Or close them all for 2 seasons.... to protect the fishery. LOL

Flies only, C&R.  :lol:


----------



## DecoySlayer (Mar 12, 2016)

Move the trout opener to Dec 1.


----------



## Shoeman (Aug 26, 2000)

Why even bother at this point! Some guides got a free ride below Mio, which has been restricted since biblical days, add the upper at Gates, year round.

Just limit the take or C&R during the off season! If someone is willing to ply through through 2’of snow why not make it legal for all streams?


----------



## plugger (Aug 8, 2001)

Shoeman said:


> Or close them all for 2 seasons.... to protect the fishery. LOL
> 
> Flies only, C&R.  :lol:


 Sorry, gonna be fishing worms tomorrow and eating trout!


----------



## Shoeman (Aug 26, 2000)

Go gettum, Mike!


----------



## kzoofisher (Mar 6, 2011)

plugger said:


> Sorry, gonna be fishing worms tomorrow and eating trout!


Lol, I'm sure you will. Really though, that shows how important the traditional opener is socially and is a good argument for it being preserved as a part of our fishing culture. You could have been fishing worms for brookies and browns all winter near your home. Maybe you were. Down here in the south I have 5 streams within 40 miles of me that are open to bait fishing all winter and none of them have salmon or steelhead. The opportunities are there for year round inland stream trout fishing. It seems that the tradition of Last Saturday to September 30 is so ingrained that most people don't even think of the possibility of going in the *off* season. Rather stay home and gripe, I guess. Much easier to blame your laziness on someone else than to take advantage of the opportunities afforded you.

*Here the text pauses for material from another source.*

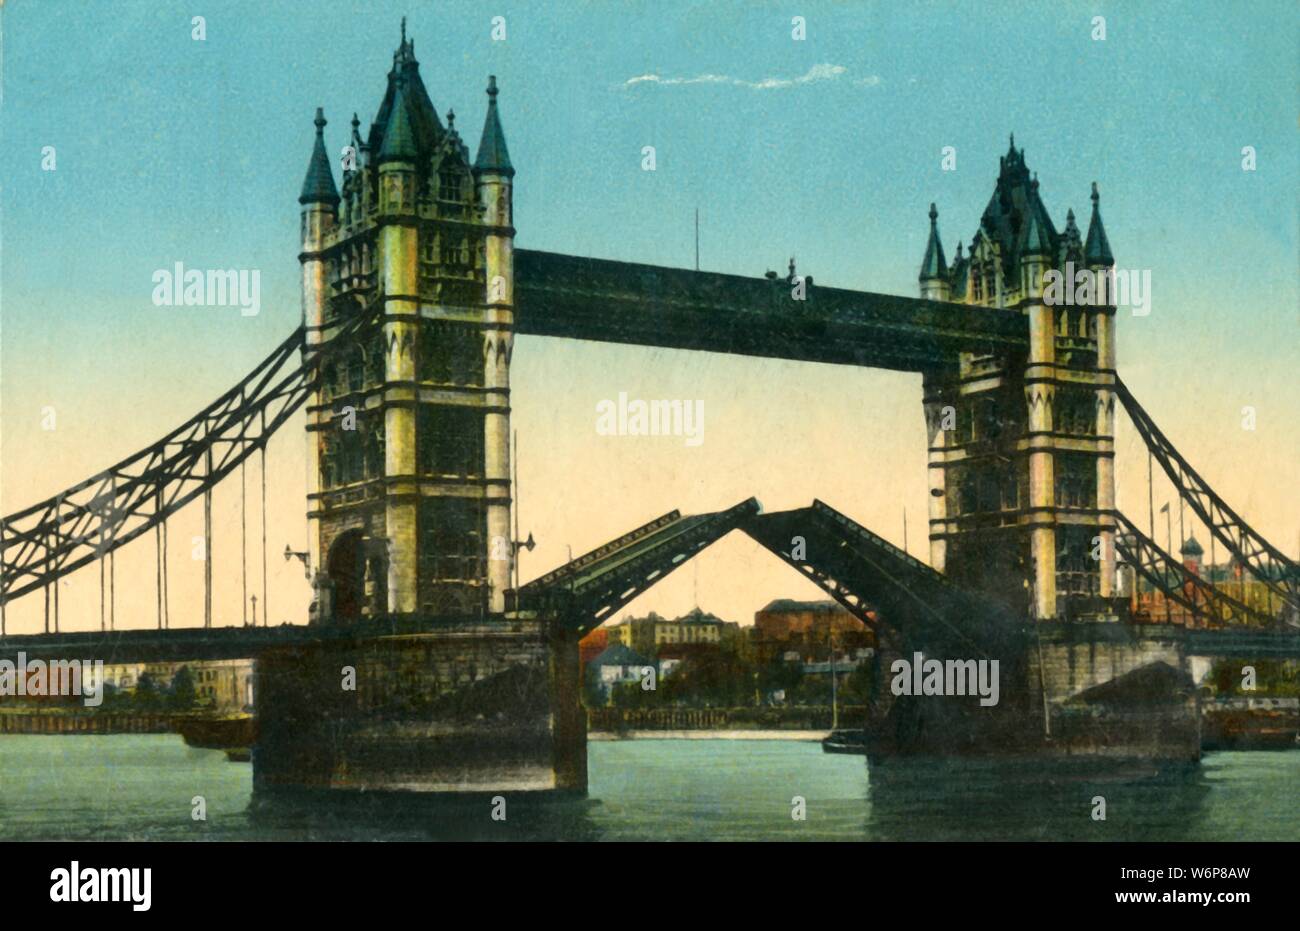 Tower Bridge, London, c1910. View of Tower Bridge with bascules open, and the River Thames. The construction of the bridge was begun in 1881 to designs by Sir Horace Jones and it opened in 1894. It was designed so that the central section could be raised to allow the passage of ships to and from the busy wharves of London. Postcard. Stock Photo

edited to correct autocorrect


----------



## Ranger Ray (Mar 2, 2003)

kzoofisher said:


> It seems that the tradition of Last Saturday to September 30 is so ingrained that most people don't even think of the possibility of going in the *off* season. Rather stay home and gripe, I guess. Much easier to blame your laziness on someone else than to take advantage of the opportunities afforded you.


You will have to show us these posts of people "not even thinking of going in the off season," and blaming it on others. Batter up!


----------



## plugger (Aug 8, 2001)

plugger said:


> Sorry, gonna be fishing worms tomorrow and eating trout!





kzoofisher said:


> Lol, I'm sure you will. Really though, that shows how important the traditional opener is socially and is a good argument for it being preserved as a part of our fishing culture. You could have been fishing worms for rookies and browns all winter near your home. Maybe you were. Down here in the south I have 5 streams within 40 miles of me that are open to bait fishing all winter and none of them have salmon or steelhead. The opportunities are there for year round inland stream trout fishing. It seems that the tradition of Last Saturday to September 30 is so ingrained that most people don't even think of the possibility of going in the *off* season. Rather stay home and gripe, I guess. Much easier to blame your laziness on someone else than to take advantage of the opportunities afforded you.


 Suck what?


----------



## kzoofisher (Mar 6, 2011)

Ranger Ray said:


> You will have to show us these posts of people "not even thinking of going in the off season," and blaming it on others. Batter up!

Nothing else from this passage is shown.